Neben Großbritannien erwartet auch Russland heuer massive Unruhen wegen der Wirtschaftskrise. Angst vor der Zukunft, Arbeitslosigkeit, Wut und Enttäuschung sind wie eine tickende Zeitbombe.
Die Volkswirtschaften des Ostens befinden sich in einer zunehmend brisanten Lage. Dabei kündigen sich nicht nur die Auswirkungen der Wirtschaftskrise auf zahlreiche osteuropäische Länder sowie Russland mit voller Breitseite an. Dadurch ist offenbar auch die politische Stabilität in einigen Regionen ernsthaft bedroht. Während der Unmut der Bevölkerung wächst und Wut und Enttäuschung über die aktuelle Lage zunehmen, steigt die Angst der Regierungen vor möglichen Eskalationen. Nachdem etwa Litauen, Lettland oder Bulgarien bereits zu Schauplätzen von Straßenschlachten wurden, hat sich Russland dazu entschlossen, möglichen Konflikten durch militärische Aufrüstung vorzubeugen.
Auch in Großbritannien erwarten die Behörden massive Unruhen im "Sommer des Zorns".
Krise nicht vorhersehbar
"In Russland ist es wegen der Erhöhung der Auto-Einfuhrzölle bereits zu Protesten gekommen. Geht die Krise noch tiefer, sind weitere Konflikte möglich", meint Konstantin Kholodilin, Russland-Experte beim Deutschen Institut für Wirtschaftsforschung. Derzeit gebe es zwar keine Anzeichen für eine große Eskalation. "Allerdings war auch die Wirtschaftskrise selbst nicht vorherzusehen", sagt der Experte.
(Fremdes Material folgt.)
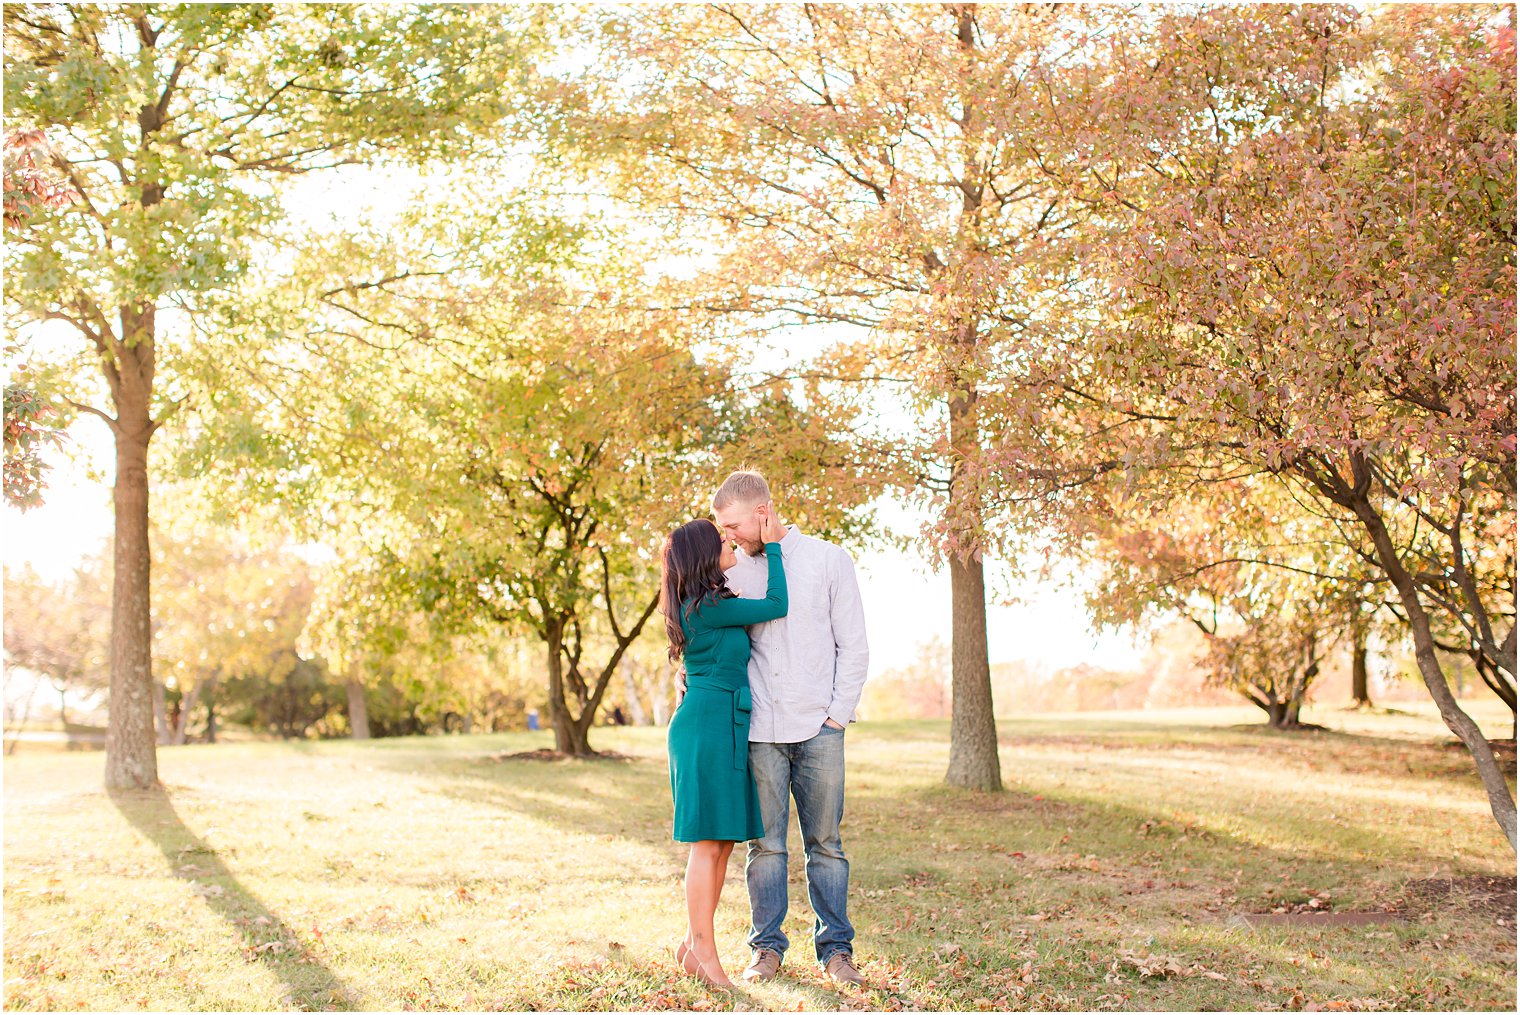 Romantic engagement photos at Liberty State Park by NJ Wedding Photographers Idalia Photography

Eine Verschärfung der innerstaatlichen Krise sei daher nicht kategorisch auszuschließen. Laut einer im Januar 2009 vom Allrussischen Zentrum der öffentlichen Meinung (VZIOM) durchgeführten Umfrage sind nur 21 Prozent der Befragten bereit, an Protestaktionen teilzunehmen. Die Mehrheit von 64 Prozent halte es für unwahrscheinlich, dass es zu Massenprotesten kommen wird.
Schrumpfende Wirtschaft und Arbeitslose
2009 steht Russland nach Zahlen von Eastern Europe Consensus Forecasts eine um 0,6 Prozent schrumpfende Wirtschaftsleistung bevor. Zudem befinden sich die Arbeitslosenzahlen auf Rekordkurs. Allein im Januar verloren rund 300.000 Menschen ihre Jobs, womit die Arbeitslosigkeit auf 6,1 Mio. oder 8,1 Prozent der arbeitsfähigen Bevölkerung stieg. "Die Lage in Russland wird sich weiter verschlechtern und die aktuelle Wirtschaftskrise wird länger dauern als die Rubelkrise 1998", beschreibt Kholodilin. Damals hatte ein massiver Kapitalabfluss eine Wirtschaftskrise ausgelöst und die russische Währung unter Druck gebracht. Angesichts der aktuellen Situation zeigt der Rubel jedoch erneut Schwächen, wogegen die Zentralbank in Moskau bereits steuern musste. "Bis Mitte 2010 wird sich die russische Wirtschaft nicht erholen", erklärt Kholodilin. Zwar nimmt die Regierung Etatkürzungen vor, um der schwachen konjunkturellen Entwicklung gegenzusteuern. Rüstungsprojekte sind davon jedoch ausgenommen, wie im Wochenverlauf bekannt wurde.
Medwedjew bildet Reservearmee
Angesichts der Finanzkrise und möglicher weiterer Konflikte wurde durch Präsident Medwedjew zur Stabilisierung der inneren Sicherheit die Bildung einer nationalen Kaderreserve angeordnet.
Diese besteht aus Angehörigen der Armee, Innentruppen, der Zivilverteidigung sowie der staatlichen Agentur für Sonderbauten. Die Zahl der für die russische innere Sicherheit Zuständigen liege jedoch mit rund 2,5 Mio. bereits deutlich über jener der russischen Streitkräfte.